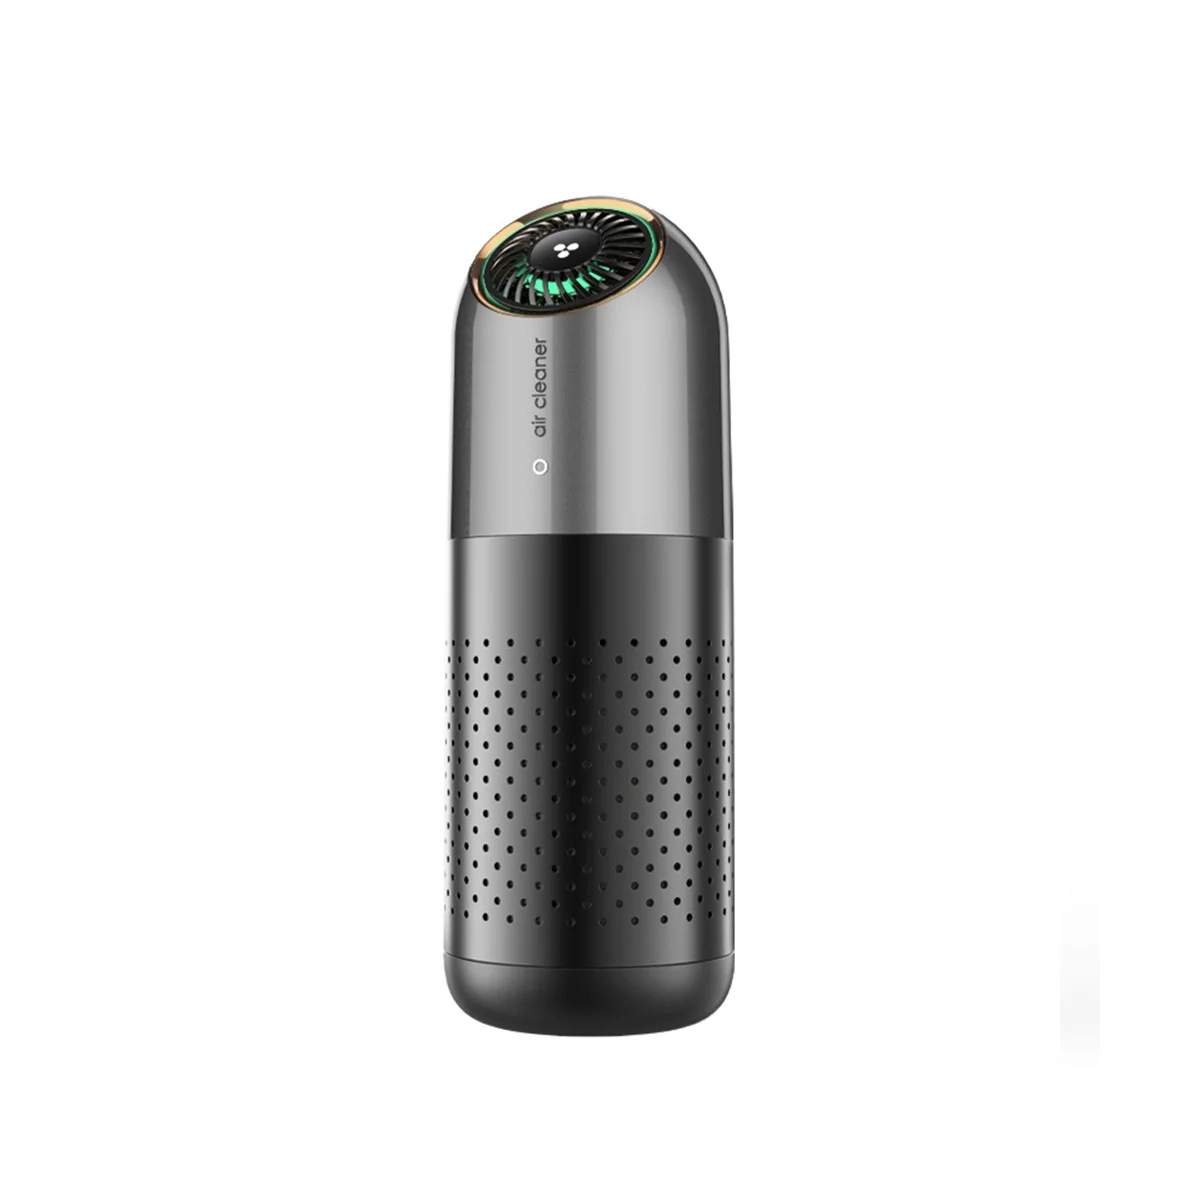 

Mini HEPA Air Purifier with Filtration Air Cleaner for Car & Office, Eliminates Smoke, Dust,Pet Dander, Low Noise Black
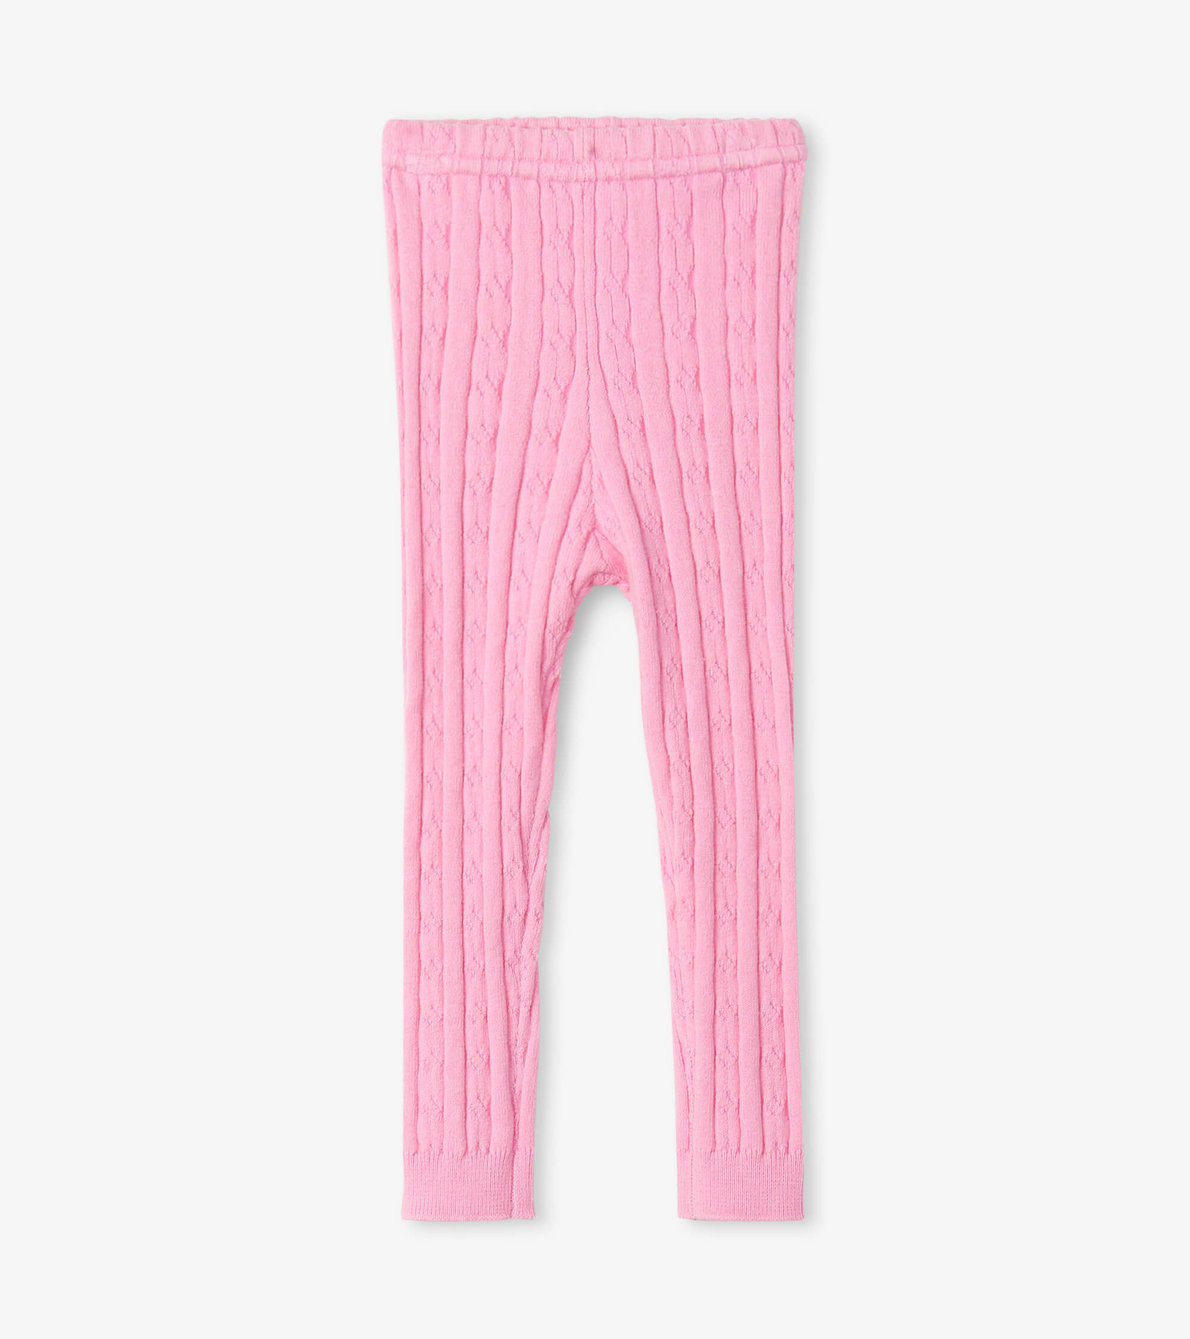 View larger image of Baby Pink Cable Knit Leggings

--- --- ---

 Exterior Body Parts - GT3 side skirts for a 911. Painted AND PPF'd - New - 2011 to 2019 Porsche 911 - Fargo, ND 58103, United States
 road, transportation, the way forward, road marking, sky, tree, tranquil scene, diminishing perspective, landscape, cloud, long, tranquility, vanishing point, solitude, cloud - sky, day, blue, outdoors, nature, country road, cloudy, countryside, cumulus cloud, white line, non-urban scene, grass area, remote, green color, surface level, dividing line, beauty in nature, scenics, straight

--- --- ---

In the records above, copy exactly everything from the line that has "Mini HEPA Air" down to the line that has "View larger image", both ends included, and leave out the pictures.

Mini HEPA Air Purifier with Filtration Air Cleaner for Car & Office, Eliminates Smoke, Dust,Pet Dander, Low Noise Black
 View larger image of Baby Pink Cable Knit Leggings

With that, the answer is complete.